Capstone Project - Speech recognition in children with learning disabilities using deep learning

Business Case and Project Purpose

The importance of communication for people with severe learning disabilities

Communication is vital in ensuring that people can express themselves, control their environment and make sense of the world around them.

This is equally if not more important when that person has a learning disability and may not be able to interpret their environment as easily as others.

Communicating with children and young people who have a severe learning disability can be extremely challenging, if a child is not able to communicate by traditional methods they may become frustrated and use behaviours that might be seen as challenging.

For example, in self-harm behaviour, the child may be wanting to communicate that they are in pain or discomfort or that they are hungry, thirsty etc. If the behaviour is effective in getting what the child needs it is more likely to be repeated.

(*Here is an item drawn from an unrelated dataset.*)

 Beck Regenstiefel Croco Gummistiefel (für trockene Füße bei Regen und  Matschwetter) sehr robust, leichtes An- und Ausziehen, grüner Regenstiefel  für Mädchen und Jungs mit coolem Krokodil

Communication is a human right

Communication techniques for people with learning disabilities

Some people with learning disabilities have difficulties communicating with others when solely making use of expressive and receptive language.

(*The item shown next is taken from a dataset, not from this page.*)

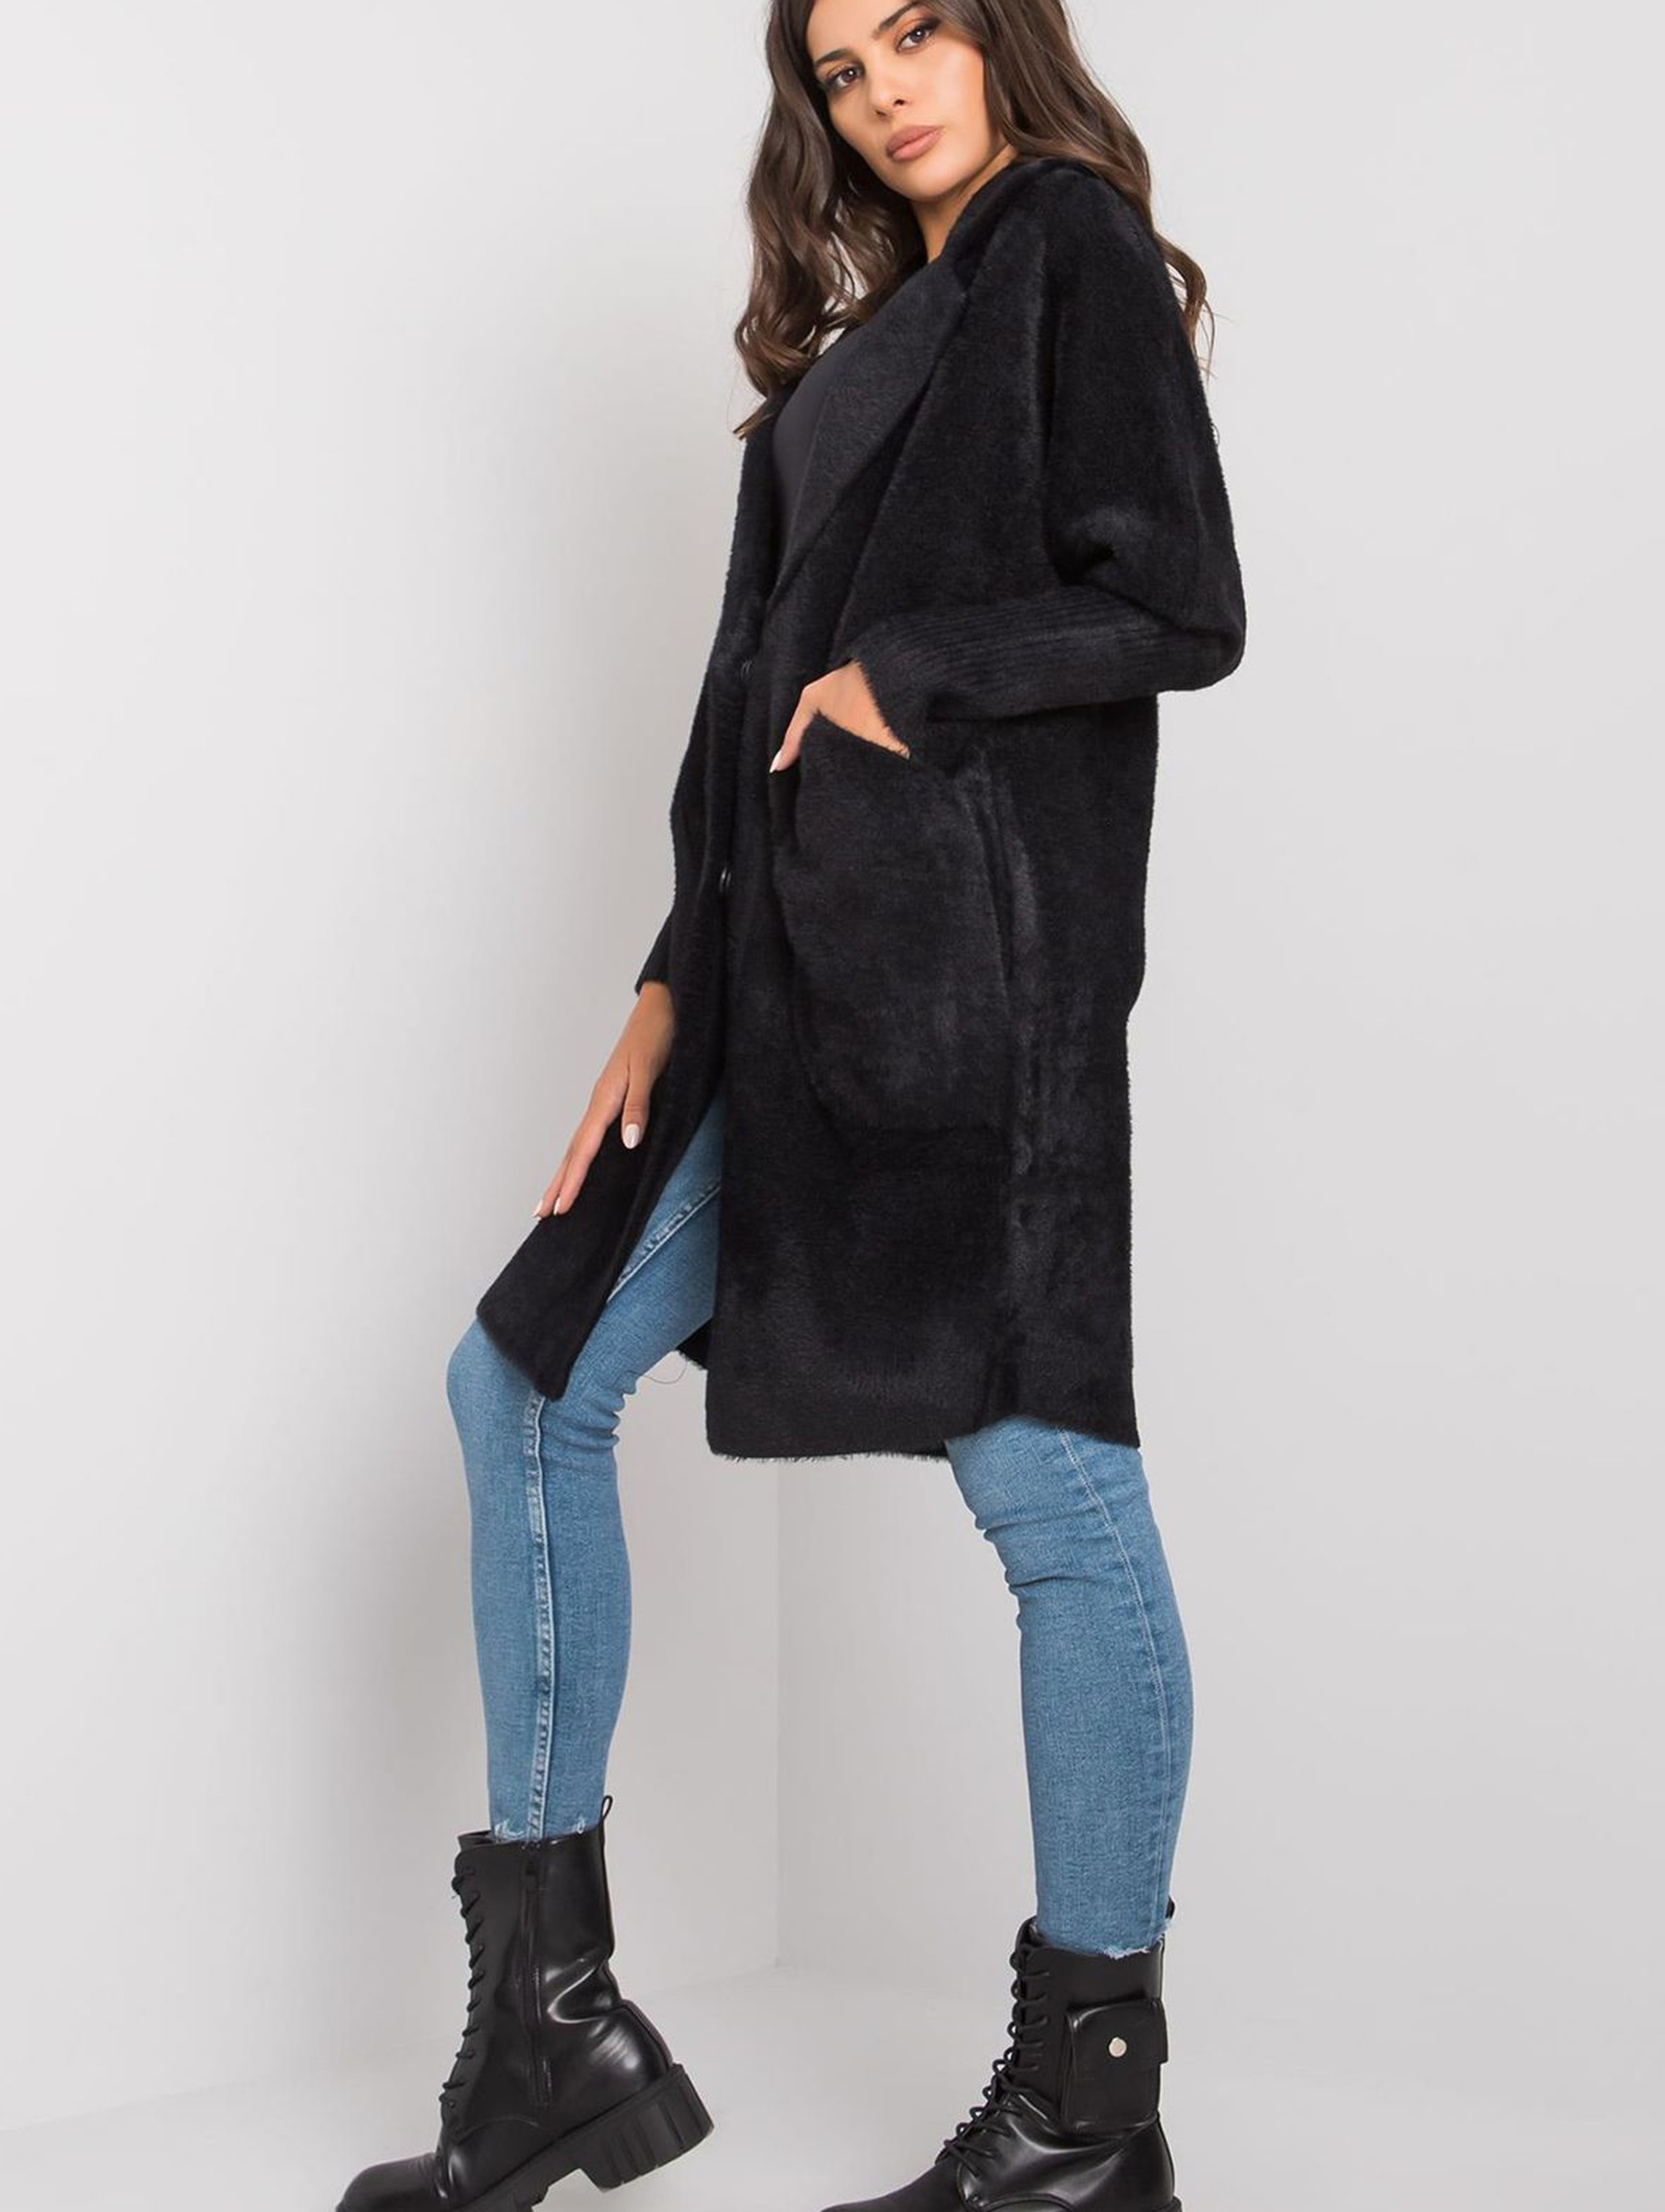 Czarny płaszcz alpaka z kieszeniami rozmiar S/M

There are a variety of other techniques which have been developed to help support people for whom speech is difficult, for example:

  • Communication systems such as Makaton (based on British sign language) or PECS (Picture Exchange communication system)
  • Easy read symbols
  • Speech and language therapy

Makaton signs and PECS symbols examples

It is often hard to know what support is available to help people with learning disabilities communicate more easily.

Using visual guides or cues to aide communication is one important way of supporting people to have a greater understanding of what is being conveyed to them.

Brief

Supporting communication in children with non-typical speech using Deep Learning

The purpose of this project is to use Data Science and deep learning techniques to build a model that can suitably classify audio samples from an individual with a speech disorder or with a severe learning disability that impacts speech.

The eventual aim being a tool or app that helps parents of a child with a speech disorder or severe learning disability support their communication.

With adequately supported communication, their child will be better able to:

  • Express their needs, feelings or opinions
  • Make choices
  • Interact with others and form relationships.
  • Develop skills which will help them access learning opportunities.

Parents would be able to use the app, installed on a mobile device, to record their child speaking, receiving suggestions as to the word that the child is trying to voice, similar to the Google Recorder app but specifically configured to pick up and trained on atypical speech.

Beyond this, the app would also present an opportunity for parents to add to the dataset by submitting anonymised, labelled audio samples of their child speaking.

The Datasets

We will be using two datasets for the purpose of this project.

Speech Commands: A dataset for limited-vocabulary speech recognition – (Pete Warden, TensorFlow team at Google)

https://arxiv.org/abs/1804.03209

The Speech Commands dataset is an attempt to build a standard training and evaluation dataset for a class of simple speech recognition tasks. Its primary goal is to provide a way to build and test small models that detect when a single word is spoken, from a set of ten or fewer target words, with as few false background noise or unrelated speech.

Ultrasuite: A collection of ultrasound and acoustic speech data from child speech therapy sessions – (University of Edinburgh, School of Infomatics)

https://ultrasuite.github.io/

Ultrasuite is a collection of ultrasound and acoustic speech data from child speech therapy sessions. The current release includes three datasets, one from typically developing children and two from speech disordered children:

IMPORTANT NOTE:

The source data and audio samples used by the Jupyter notebooks have not been included in this GitHub repository and will need to be downloaded and stored in a folder entitled data within the local repository.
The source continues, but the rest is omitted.